Sunnyside man releases book of interviews on losin’ it

Sunnyside man releases book of interviews on losin’ it
By Rebecca henely

After catching a movie at the Cleveland International Film Festival about a girl’s search for the right man to take her virginity, Sean Wickens, 34, now of Sunnyside, ended up making himself an unusual dare.

“At an after-party for the screening I asked a few strangers how they lost [their virginity] and was amazed how candid everyone was,” Wickens said in an e-mail.

Afterward, he set himself up for what he called an “unattainable” goal: to interview more than 1,000 people about their first time. Three years of interviewing and three years of editing later, he had a book, “How to Lose Your Virginity (… And How Not To),” which is now on sale.

The stories in the book run the gamut from sweet to strange. The excerpts on Wickens’ website include a man from Florida who lost it watching “As Good As it Gets” in a movie theater, another who lost it to a porn star he met on his paper route in Japan and another man who lost it in a squat in London, only to meet up with a former classmate the next morning who had also lost her virginity that night in the house.

To get those and many other interviews, Wickens traveled to 34 cities across the United States plus Montreal. He said the interview process took so long because Wickens — who moved from Cleveland to New York in 2004 and now currently works as a window-washer in Manhattan and a stand-up comedian — had to raise the money himself.
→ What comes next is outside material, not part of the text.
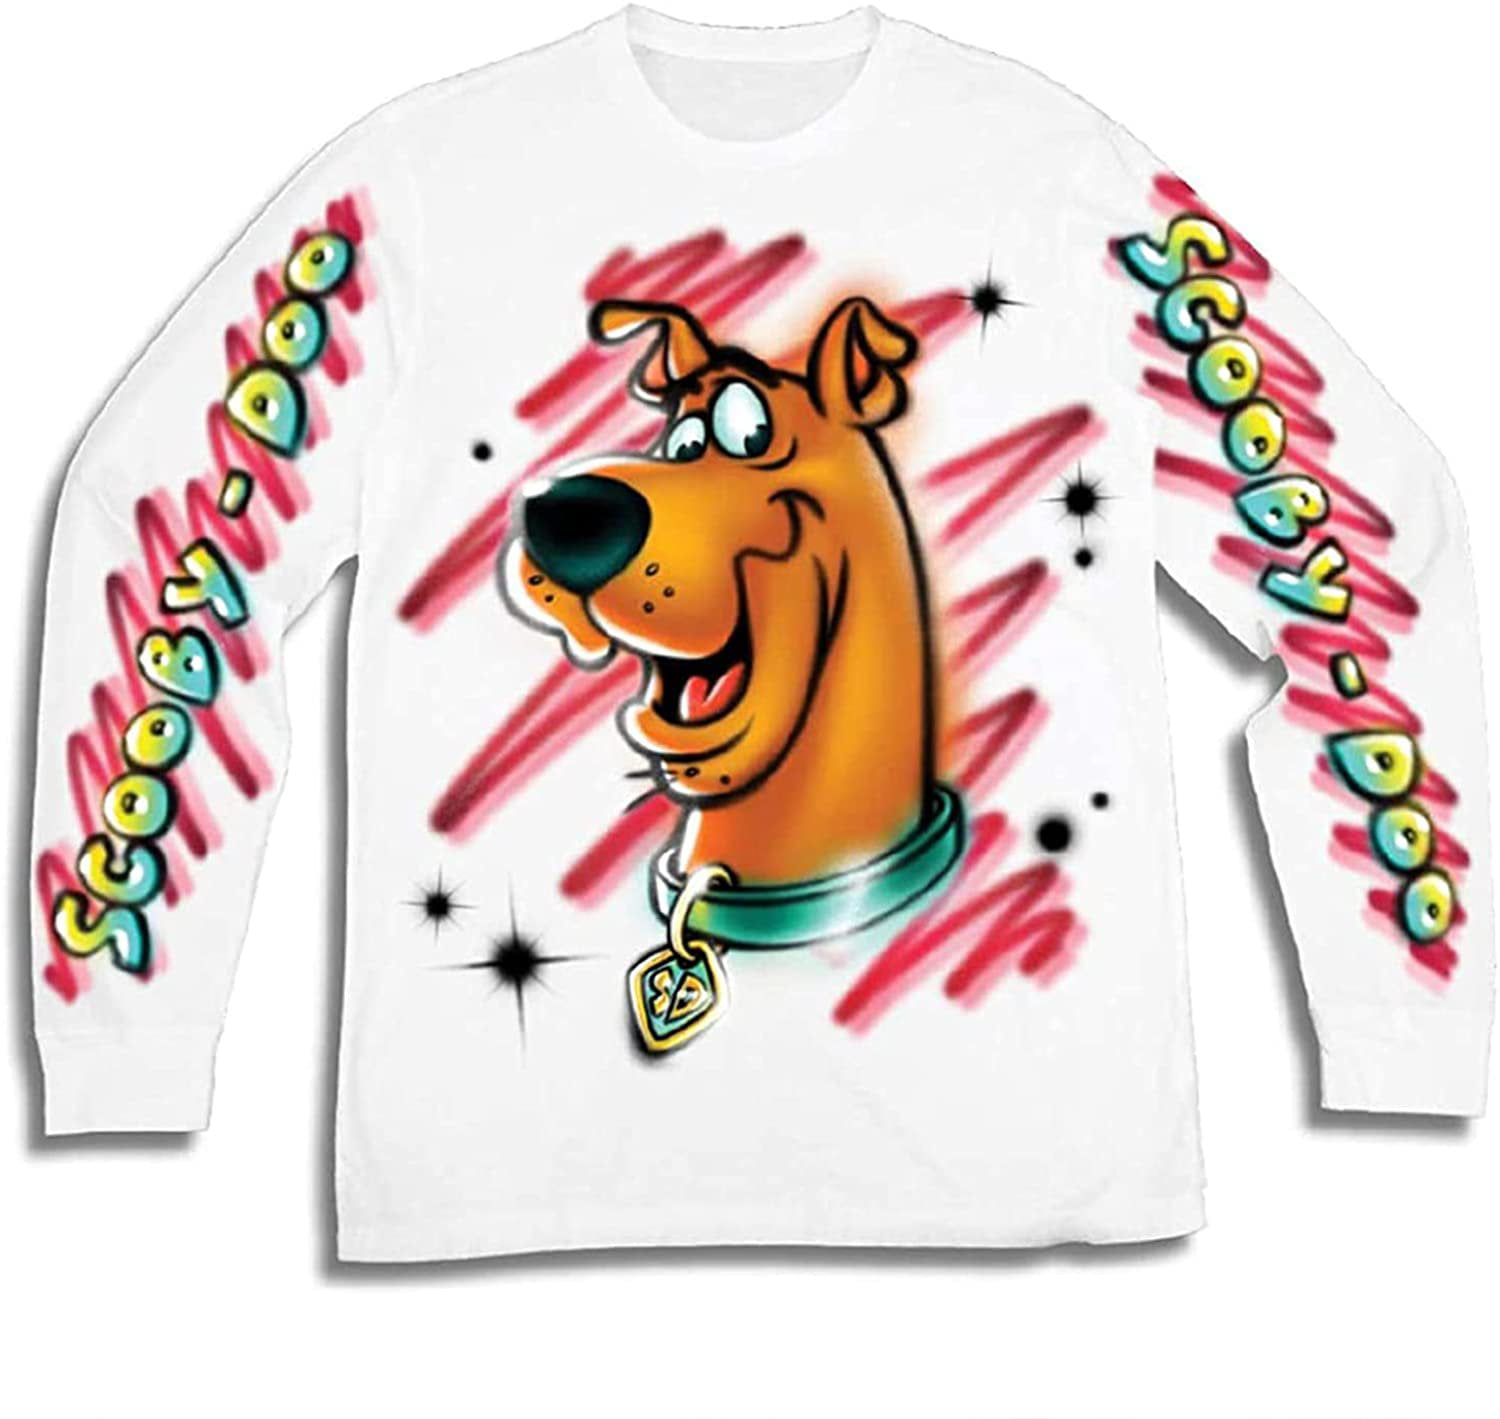 SCOOBY DOO AND VAN LONG SLEEVES T SHIRT Black All Size

“I had thought about asking friends and family for donations or applying for grants but determined energy spent on fund-raising would be best channeled into the project itself,” Wickens said. “I also worked at a place that would let you work extra hours in exchange for vacation time, so I did a lot of that.”

Wickens said he picked many of the cities — Montreal; Nashville; Roswell, N.M.; Austin; and New Orleans — because he had wanted to see them in the past or, had family in areas like Wichita, Kan. and Tulsa, Okla. Other times he went to a place because it coincided with a major event, like visiting Boston for the 2004 Democratic National Convention.

“It was a lot of fun driving around and interviewing people,” Wickens said. “And collecting stories for the book gave me a drive and a purpose on these trips that in a way made them more enjoyable than if I were aimlessly driving around America.”

Wickens said his favorite story was about a girl from Tennessee who lost her virginity working on a salmon boat.

“She ends up having her first experience with the boat’s cook, but she told her story with such nostalgia and epic detail I was speechless when she was done telling it,” he said.

There are some funny ones he liked as well.

“A guy stole his brother’s car for a date and while the two were fumbling around in the passenger seat his foot snagged an A/C hose, covering him in freezing water,” Wickens said.

Wickens laid out the book himself and a photographer, Emily Bryan, took some pictures for it.

“[Bryan] told me she keeps it on her coffee table and finds that friends she brings over, without fail, gravitate toward the book and start flipping through and reading random stories,” Wickens said.

The book is available on Amazon.com, Barnesandnoble.com and Wickens’ website, lossofvirginitybook.com. Wickens is donating 10 percent of the proceeds to the Rape, Abuse and Incest National Network.